1) Less standards to cover to allow for greater depth and cross-curricular applications

2) Digital-first to support a wide variety of applications involving competency-based grading, micro credentials, pathways, and a comprehensive learner record for student ownership of learning achievements.

1) I taught mathematics in Fresno Unified, now California’s 3rd largest school district, for nine years including before and after the adoption of the current State Standards. The standards themselves were liberating and encouraged instructional innovation among teachers, administrators and edtech companies. However, in seventh grade that I was teaching, the shift was immense and students (and teachers) were not 100% prepared. Rollout and implementation was spotty at best — teachers who had been teaching the same things since 1997 were now teaching subjects previously reserved for upper or lower grades and they didn’t have the reservoir of knowledge nor the commercial curriculum support. Whatever the changes that will come with the new standards, if substantial changes are made I would strongly want to see a progressive introduction so that teachers and students are not forced into a curricular pathway that is not the one they started with. Introduction could be done in grade bands to ease teacher training and allow for true vertical articulation.

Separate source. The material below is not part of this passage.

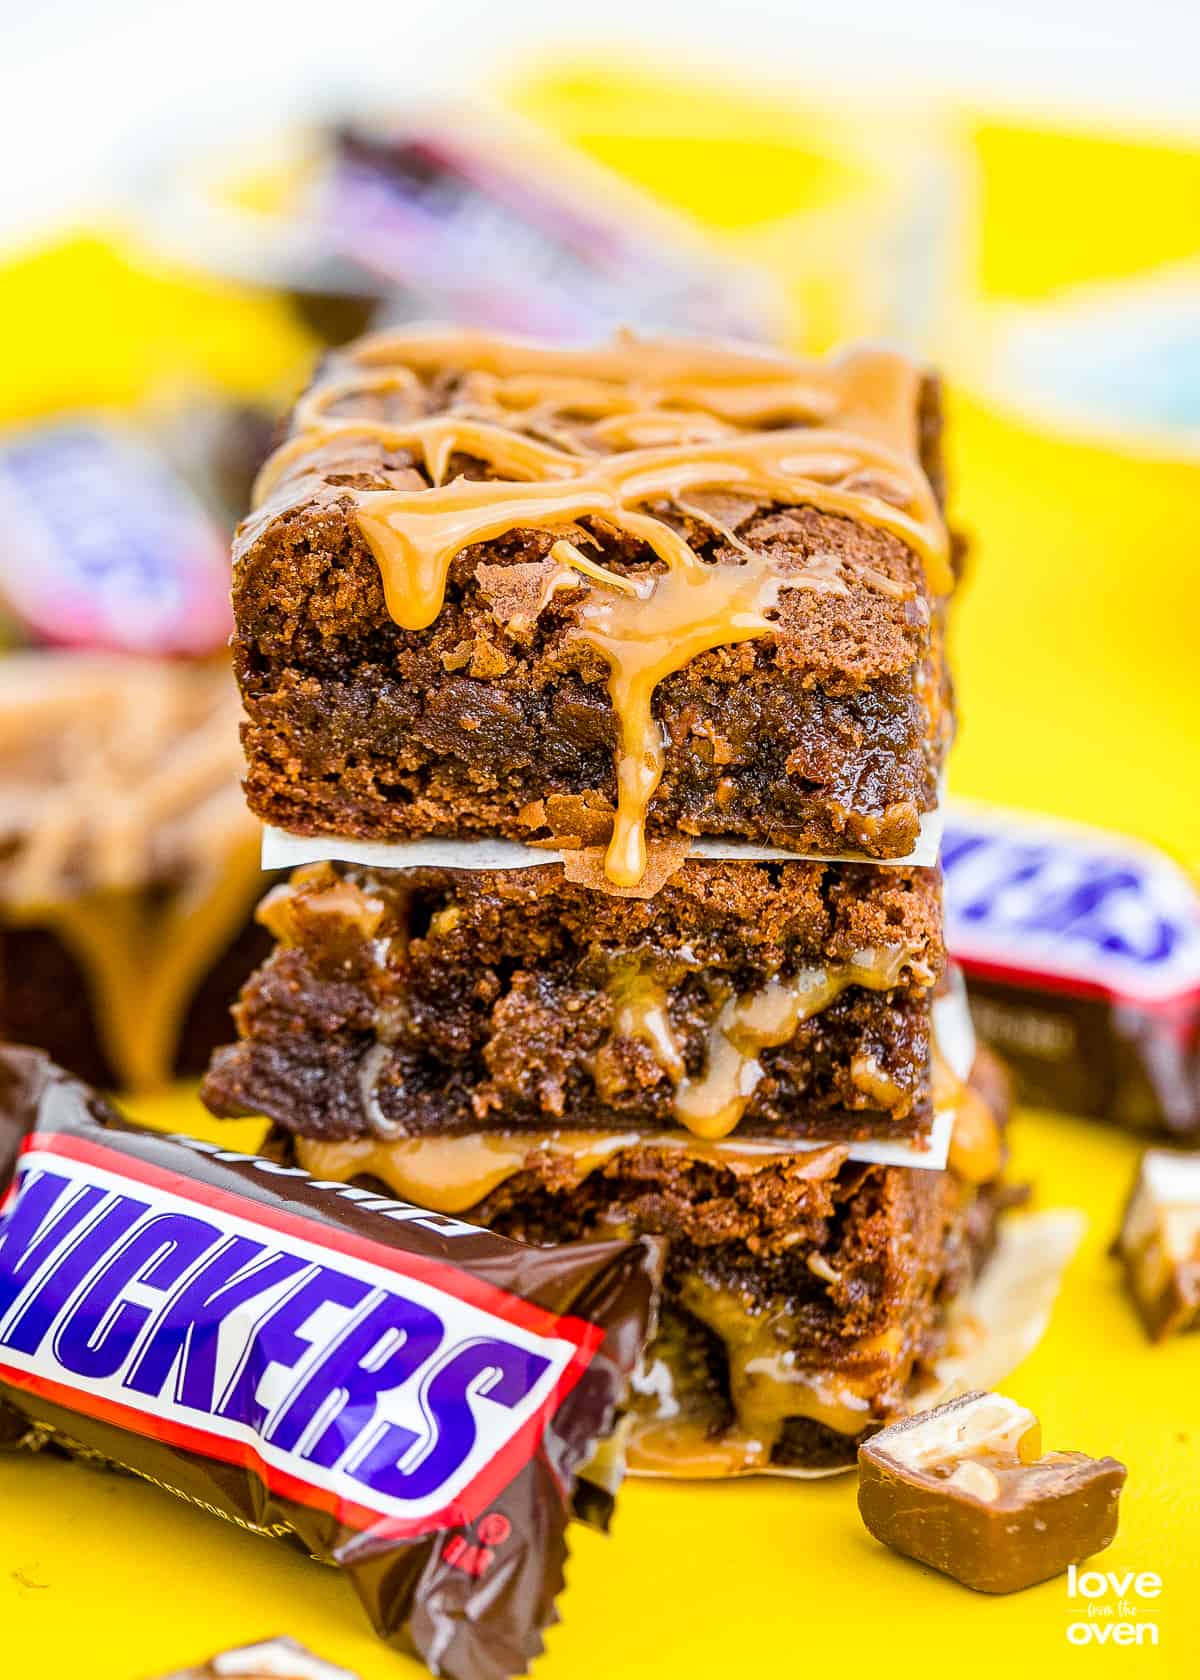 Snickers Peanut Brownie Squares Share Size Chocolate Candy Bar

2) Moreover, for standards to be truly forward-thinking, they need to be in a machine-readable format such as IMS Global’s open CASE (competencies and Academic Standards Exchange — imsglobal.org/case) CASE as a specification — unlike PDF — can embed exemplars, rubrics, progressions of learning trajectories, notes for teaching, and even associations to other frameworks (such as California’s ELD framework, Depth of Knowledge etc). Putting standards digital-first instead of PDF’s will allow for more personalized learning due to accurate alignment of digital resources and allow for a wealth of opportunities such as crosswalks to digital credentials and actually truly give ownership to students of their learning record. IMS global’s CLR is endorsed by the American Association of Collegiate Registrars and Admissions Officers.

Thank you for taking into consideration these two requirements that while different from the past, will substantially alter for the good fo students California Mathematics Standards adoption.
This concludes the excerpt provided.